= Extracted entries =
<<<<
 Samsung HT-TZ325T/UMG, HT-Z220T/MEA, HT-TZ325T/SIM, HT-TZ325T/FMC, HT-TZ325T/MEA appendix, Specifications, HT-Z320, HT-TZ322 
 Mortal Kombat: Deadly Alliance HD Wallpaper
>>>>
<<<<
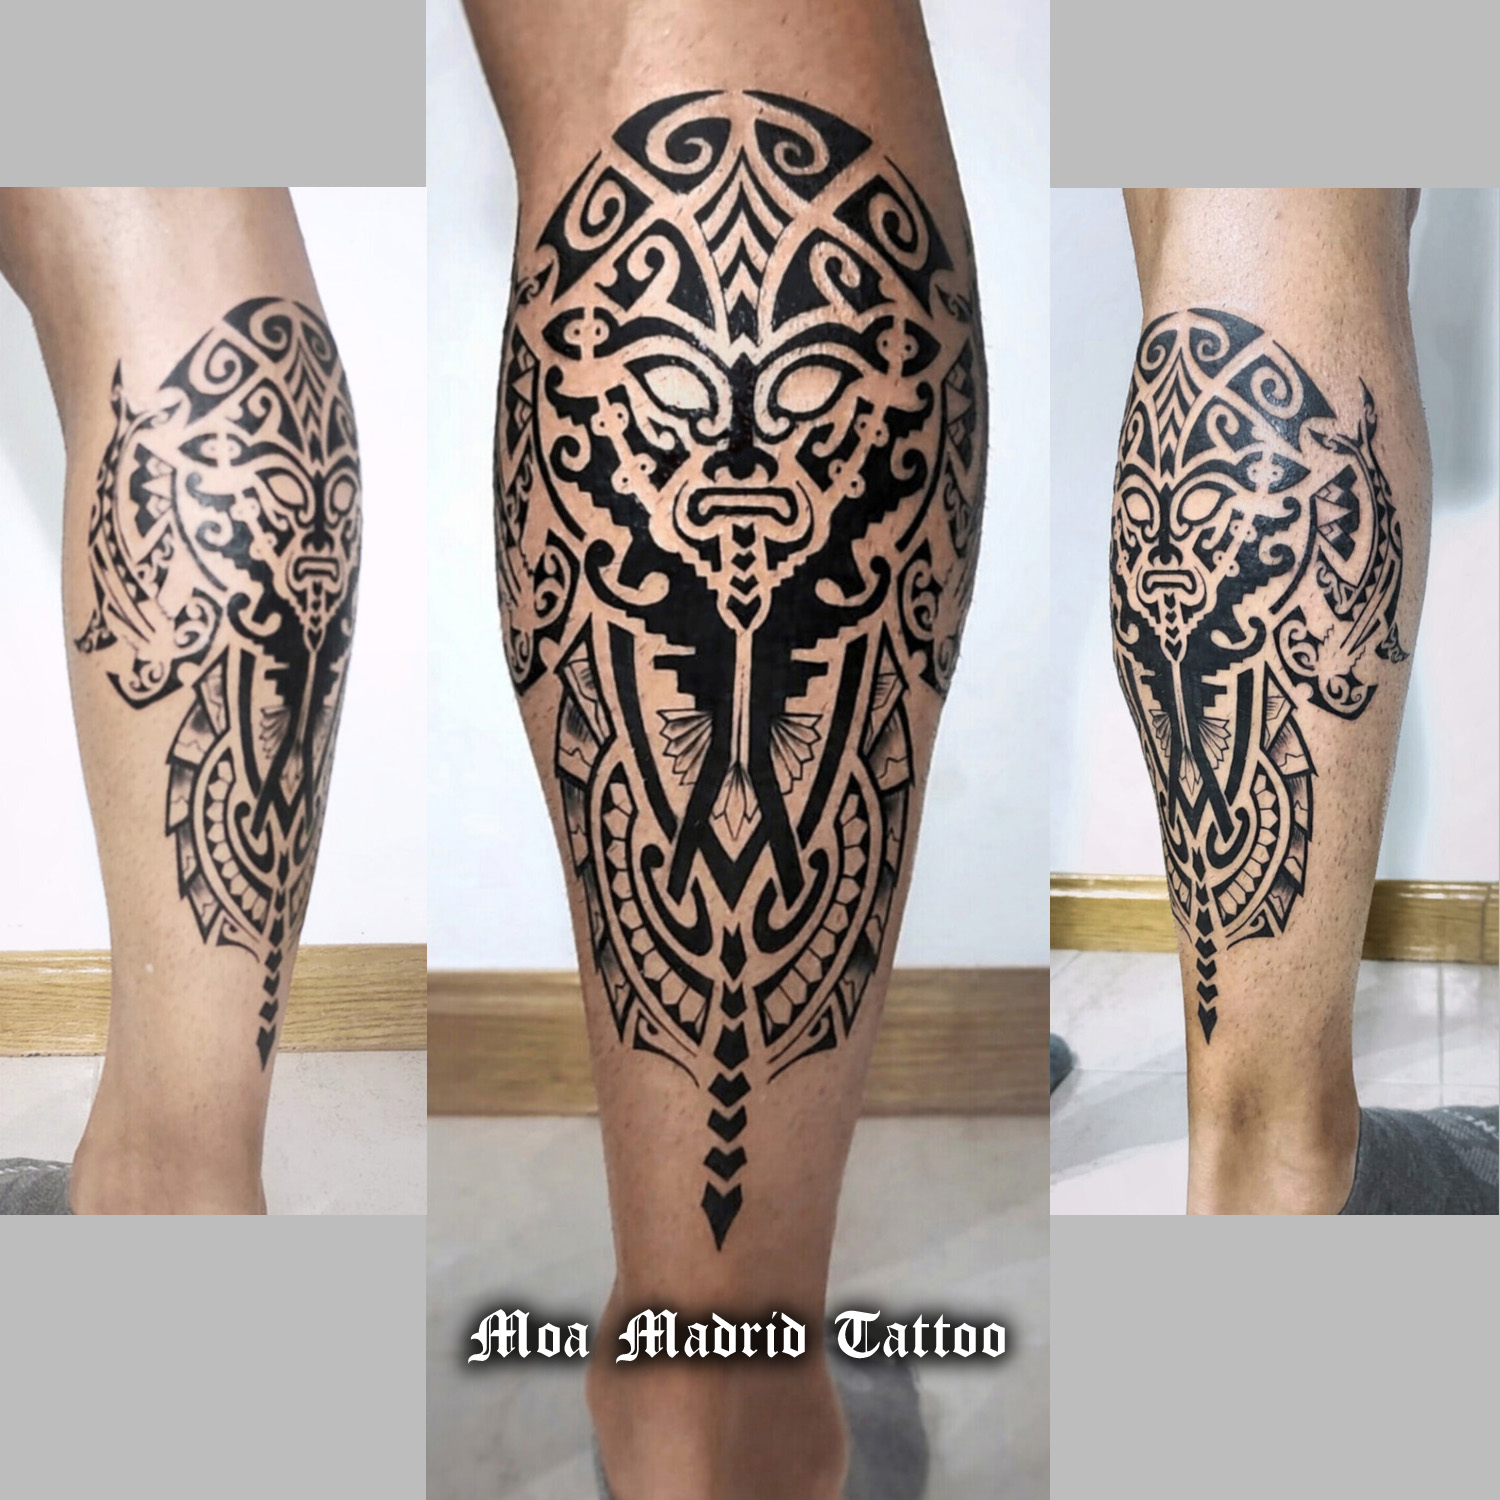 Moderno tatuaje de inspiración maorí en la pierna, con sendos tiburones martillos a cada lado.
>>>>
= What the exercise asks =
All that is needed is the exact run of lines above from the line containing "Specifications, HT-Z320, HT-TZ322" through the line containing "Mortal Kombat: Deadly Alliance HD Wallpaper", both of them included.

= Output for this task =
 Samsung HT-TZ325T/UMG, HT-Z220T/MEA, HT-TZ325T/SIM, HT-TZ325T/FMC, HT-TZ325T/MEA appendix, Specifications, HT-Z320, HT-TZ322 
 Mortal Kombat: Deadly Alliance HD Wallpaper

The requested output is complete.